Are you at risk of catching the incurable, deadly ebola virus?

What is Ebola virus disease?

    Ebola is a severe, often fatal illness, with a death rate of up to 90 per cent. The illness affects humans as well as primates, including monkeys, gorillas and chimpanzees.

How do people become infected with the virus?

    Ebola is transmitted through close contact with the blood, secretions, organs or other bodily fluids of infected animals.

    In Africa infection in humans has happened as a result of contact with chimpanzees, gorillas, fruit bats, monkeys, forest antelope and porcupines found ill or dead in the rainforest.

     Once a person becomes infected, the virus can spread through contact with a sufferer’s blood, urine, saliva, stools and semen. A person can also become infected if broken skin comes into contact with a victim’s soiled clothing, bed linen or used needles.

    Men who have recovered from the disease, can still spread the virus to their partner through their semen for seven weeks after recovery.

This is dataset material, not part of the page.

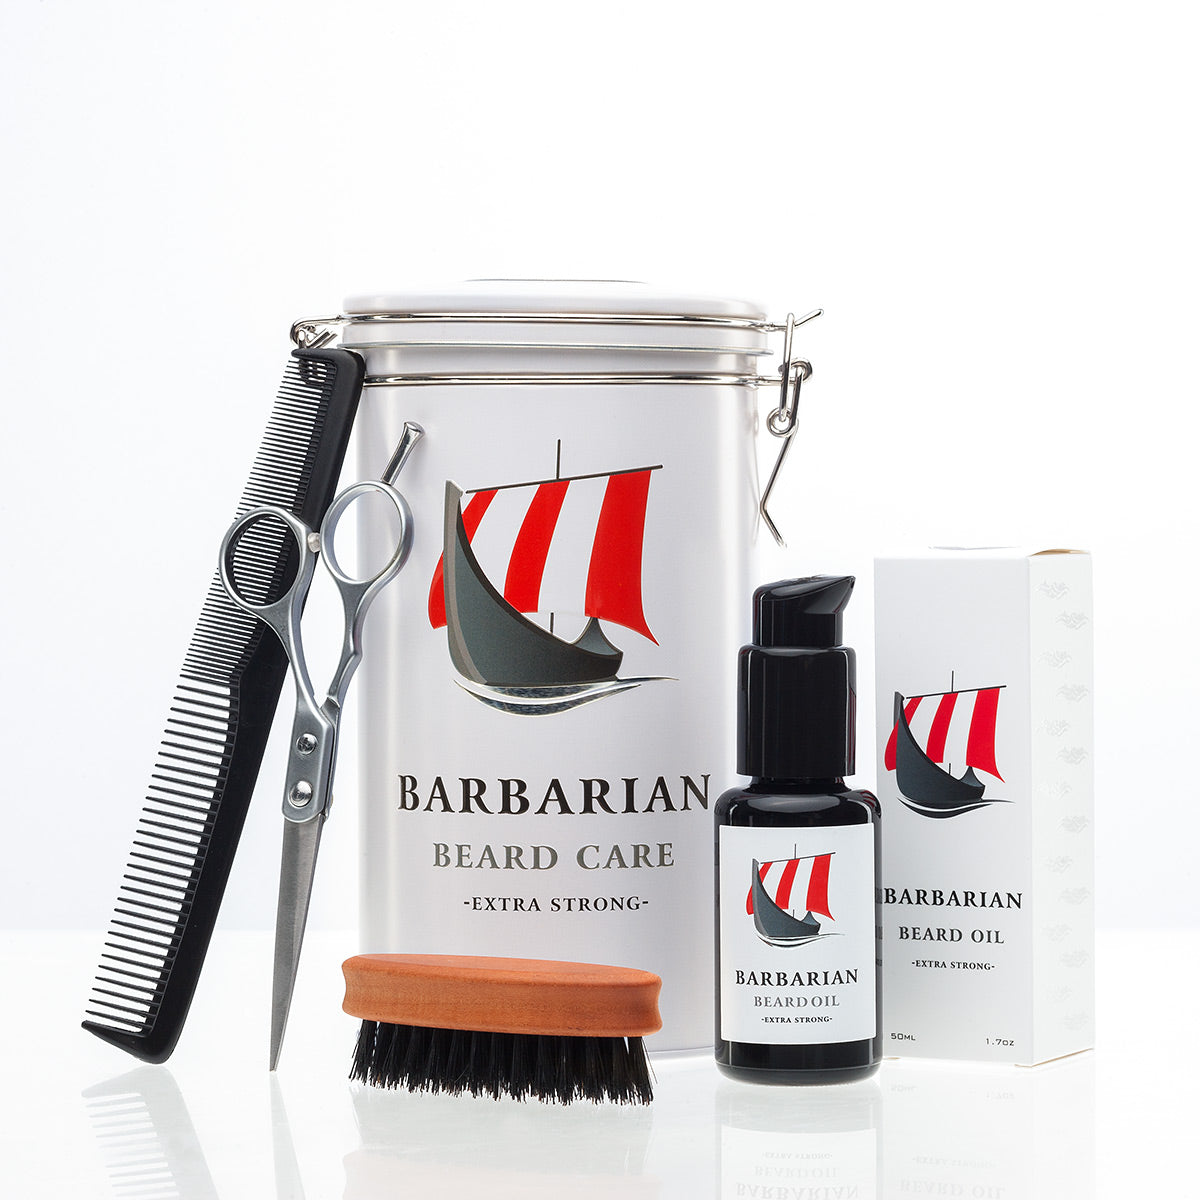 Barbarian Bartpflege Set de Luxe

The Ebola virus is fatal in 90 per cent of cases and there is no vaccine and no known cure.

Who is most at risk?

  Those at risk during an outbreak include:

. Health workers;

. family members or others in close contact with infected people;

. mourners with direct contact with the bodies of deceased victims; and

. hunters in contact with dead animals.

What are the typical signs and symptoms?

    Sudden onset of fever, intense weakness ,  muscle pain, headache and sore throat. That is followed by vomiting, diarrhoea, rash, impaired kidney and liver function and internal and external bleeding.

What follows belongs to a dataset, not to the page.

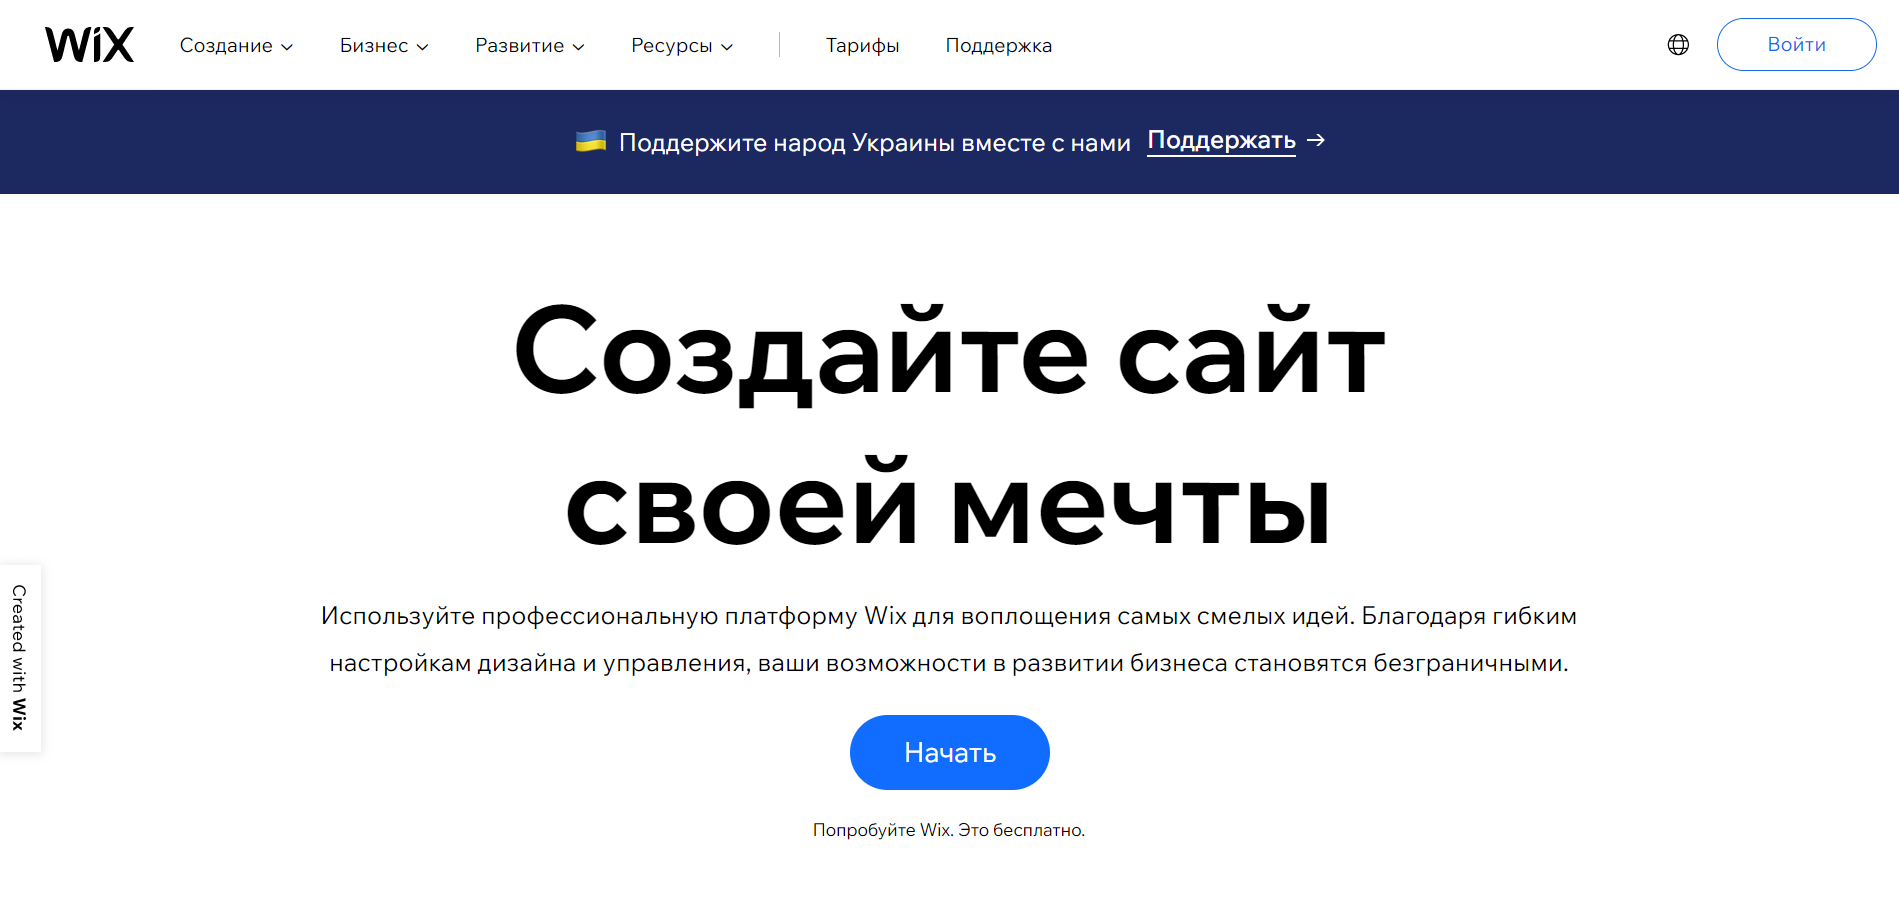 Как открыть сайт Wix в России

   The incubation period is between two and 21 days. A person will become contagious once they start to show symptoms.

When should you seek medical care?

     If a person is in an area affected by the outbreak, or has been in contact with a person known or suspected to have Ebola, they should seek medical help immediately.

What is the treatment?

    Severely ill patients require intensive supportive care. They need intravenous fluids to rehydrate them.

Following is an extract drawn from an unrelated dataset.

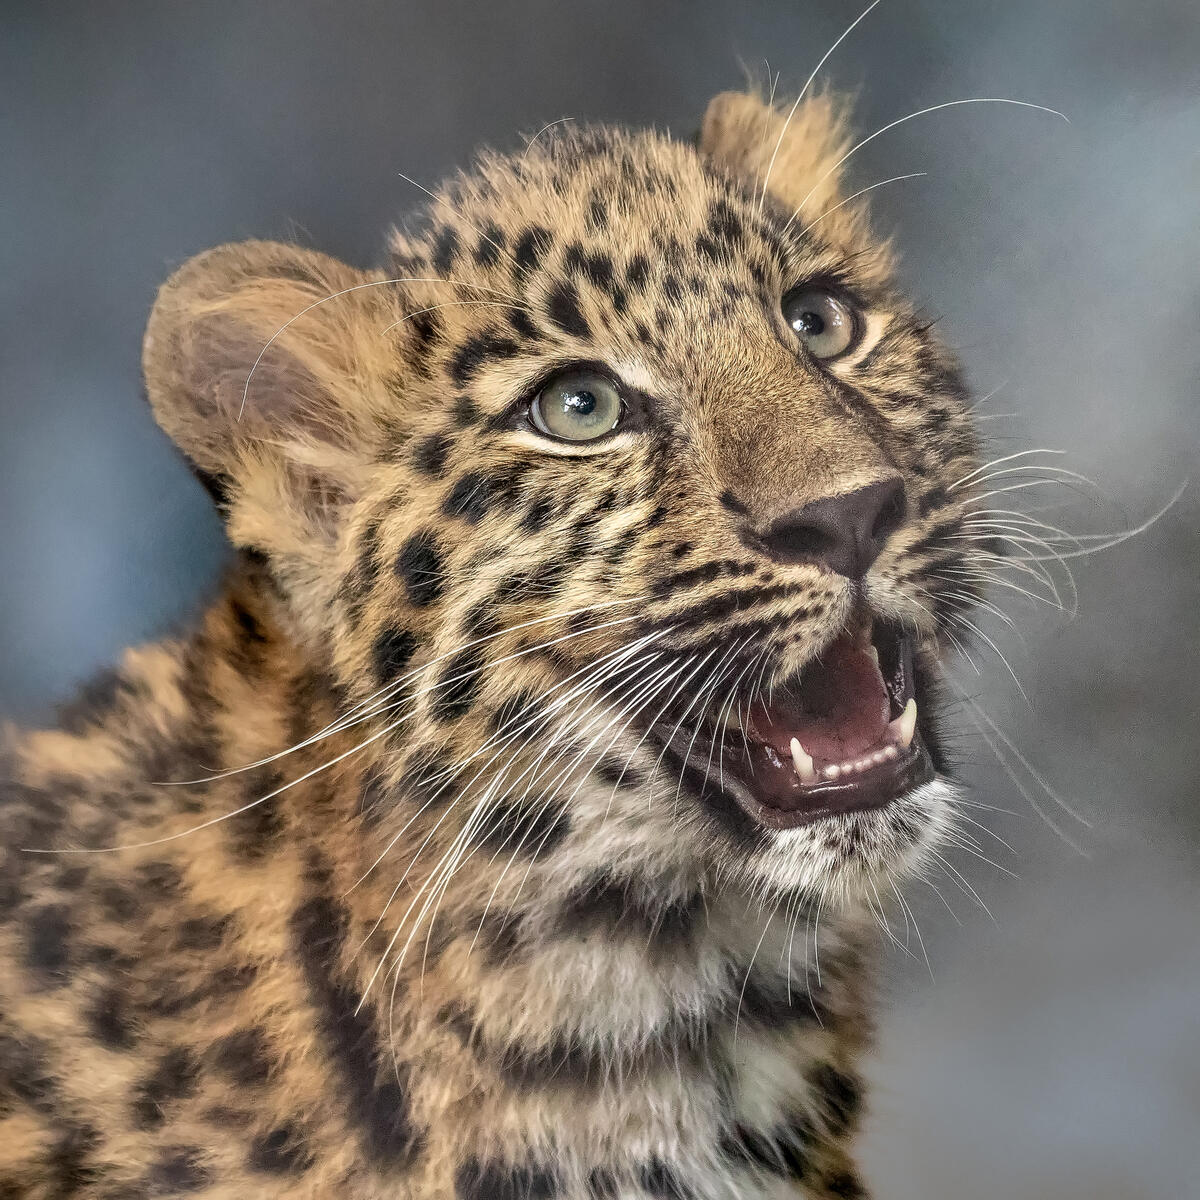 Leopard color

    But there is currently no specific treatment for the disease. Some patients will recover with the appropriate care.

Can Ebola be prevented?

  Currently, there is no licensed vaccine for Ebola. Several are being tested but are not available for clinical use.

Is it safe to travel to affected areas?

    The WHO reviews the public health situation regularly, and recommends travel or trade restrictions if necessary. The risk of infection for travellers is very low since person-to-person transmission results from direct contact with bodily fluids of victims.